Choosing the right hardware

Would you like to help us benchmark servers?

We are contemplating server purchases and would like to get the most bang for our buck. We imagine that some of you are in the same situation. Therefore, to share intelligence, we are creating a table that shows DISCOVAR performance stats, along with server configuration information. Please take a look at the current benchmark table, which we will continue to update as we get more results. Better yet – why not participate by benchmarking your systems and sharing the results with us.

Assessing assembly methods

For purposes of assessing our assemblies and variant calls, we generated some NA12878 clone reference sequences.  We believe that these data will be of interest to the community and have therefore decided to make them available to all. These clone sequences and the raw data used to generate them can be found on our FTP site.

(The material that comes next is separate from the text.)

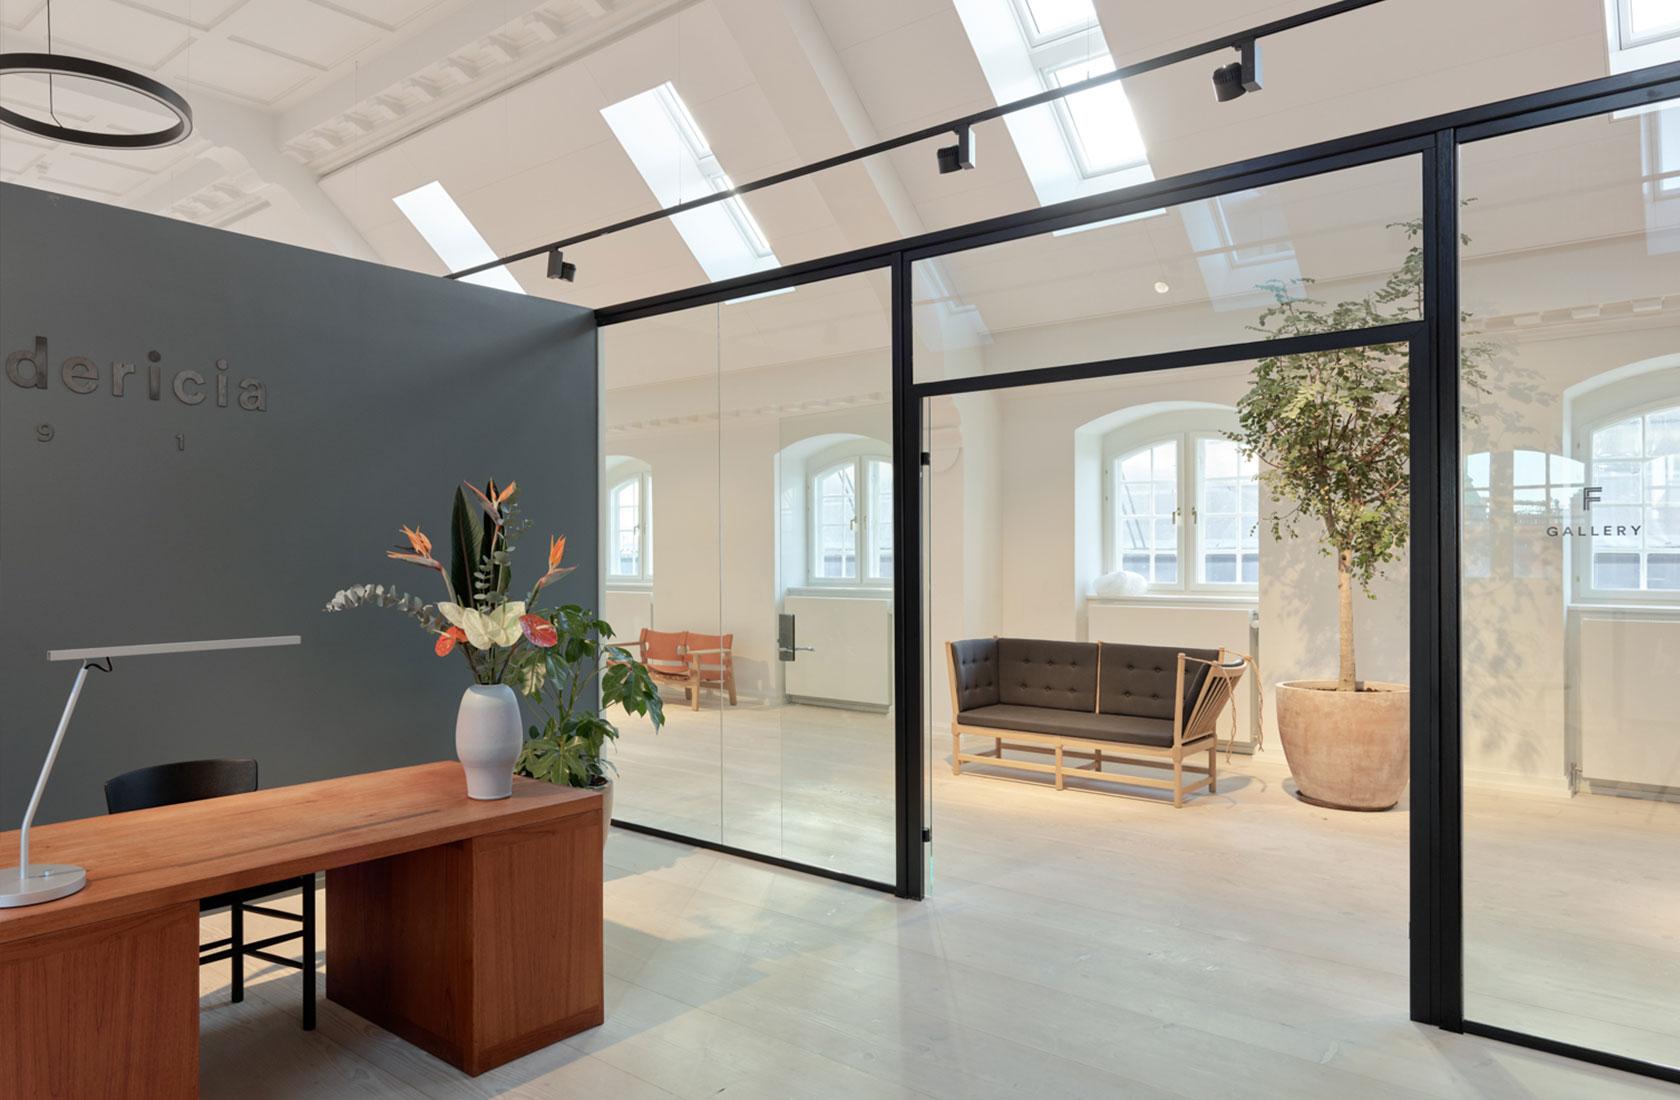 Fredericia Furnitures receptionsområde

The sequences were obtained by randomly selecting ~100 clones from an NA12878 Fosmid library.  Two pools of ~50 each were created, then sequenced by MiSeq (250 bases) and PacBio (~3000 bases).  There are also some jumps.

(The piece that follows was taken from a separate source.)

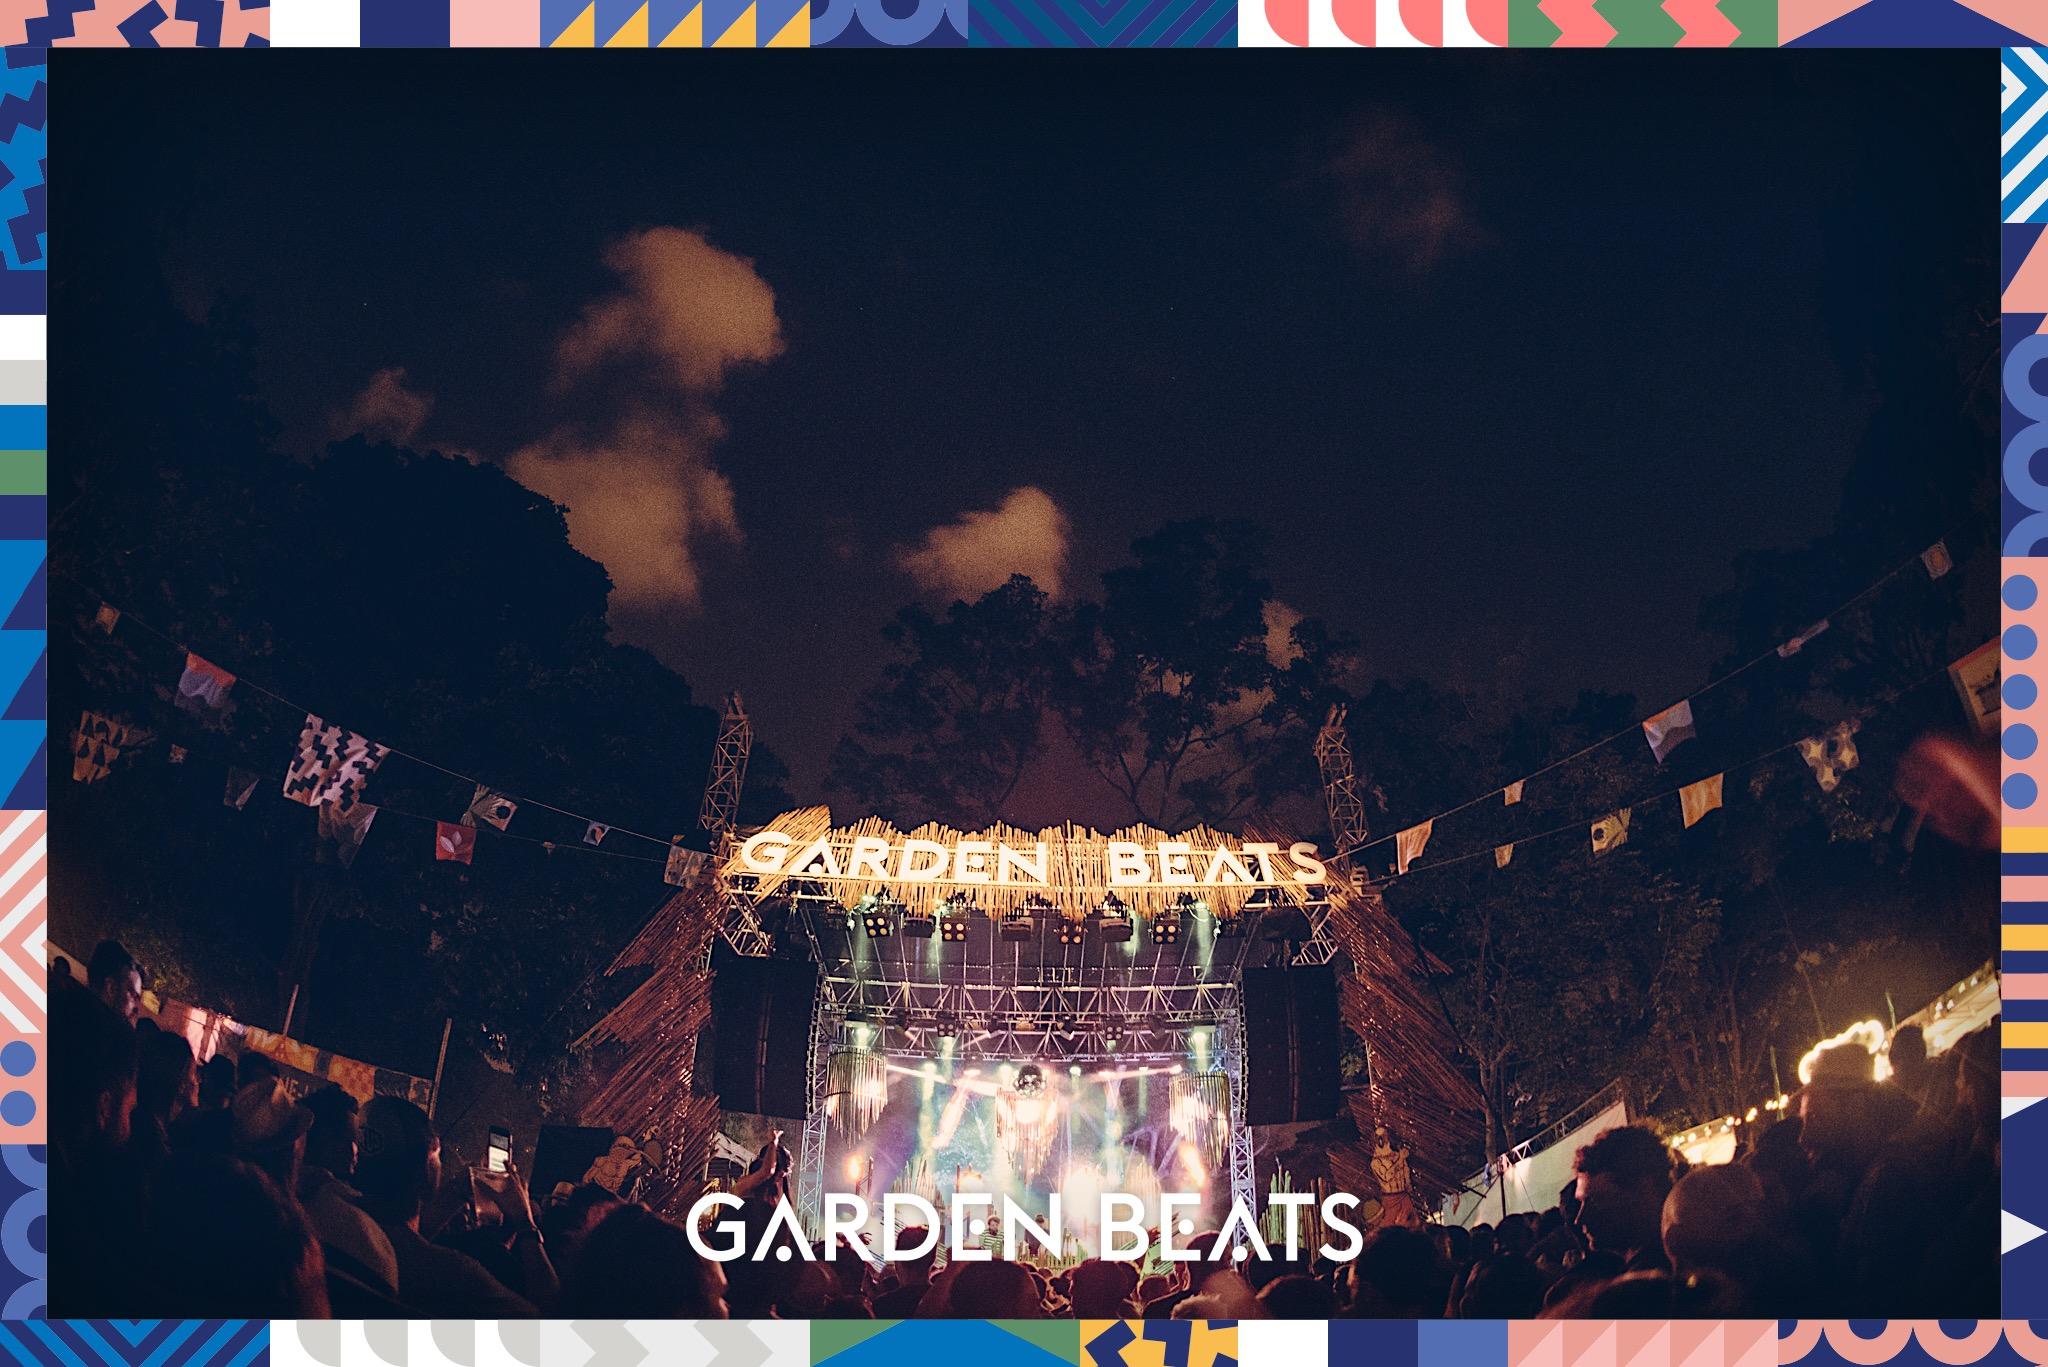 18032017_GardenBeats_Colossal883_WatermarkedGB.jpg

We completely assembled 103 clones, without ambiguity, in some cases with manual intervention.  Cloning vector has been removed.  There are a small number of additional clones in the pools, not included in the assemblies, including a few that had low coverage, some EBV, and some centromeric sequence.

This is version 1.0 of the set.  We believe that the error rate on the clones is very low, however we are carrying out laboratory validation and will roll out updated versions as the results come back.

This work is supported by NHGRI grants.